Effect of BNP-Guided Treatment of Chronic HF on Mortality
Effect of BNP-Guided Treatment of Chronic HF on Mortality
Aims Natriuretic peptide-guided (NP-guided) treatment of heart failure has been tested against standard clinically guided care in multiple studies, but findings have been limited by study size. We sought to perform an individual patient data meta-analysis to evaluate the effect of NP-guided treatment of heart failure on all-cause mortality.

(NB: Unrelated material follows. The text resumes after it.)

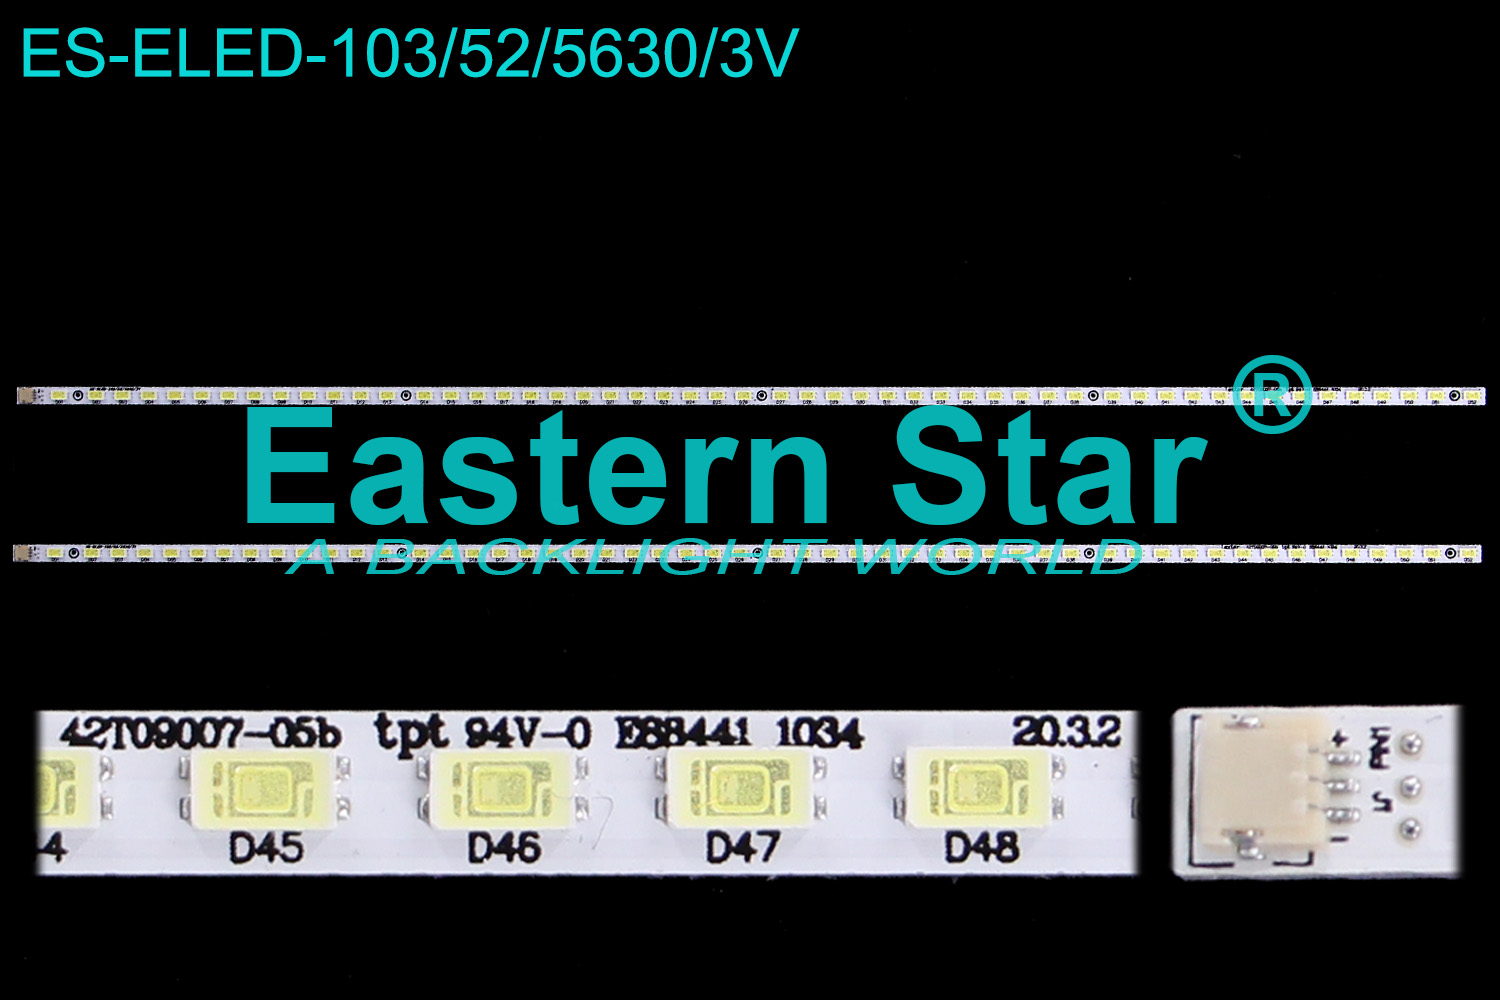 ES-ELED-103 ELED/EDGE TV backlight use for Lg/Hisense/Changhong 42'' 52LEDs Lextar 42T09-05b led strips(2/4)

Methods and results Eligible randomized clinical trials were identified from searches of Medline and EMBASE databases and the Cochrane Clinical Trials Register. The primary pre-specified outcome, all-cause mortality was tested using a Cox proportional hazards regression model that included study of origin, age (<75 or ≥75 years), and left ventricular ejection fraction (LVEF, ≤45 or >45%) as covariates. Secondary endpoints included heart failure or cardiovascular hospitalization. Of 11 eligible studies, 9 provided individual patient data and 2 aggregate data. For the primary endpoint individual data from 2000 patients were included, 994 randomized to clinically guided care and 1006 to NP-guided care. All-cause mortality was significantly reduced by NP-guided treatment [hazard ratio = 0.62 (0.45–0.86); P = 0.004] with no heterogeneity between studies or interaction with LVEF. The survival benefit from NP-guided therapy was seen in younger (<75 years) patients [0.62 (0.45–0.85); P = 0.004] but not older (≥75 years) patients [0.98 (0.75–1.27); P = 0.96]. Hospitalization due to heart failure [0.80 (0.67–0.94); P = 0.009] or cardiovascular disease [0.82 (0.67–0.99); P = 0.048] was significantly lower in NP-guided patients with no heterogeneity between studies and no interaction with age or LVEF.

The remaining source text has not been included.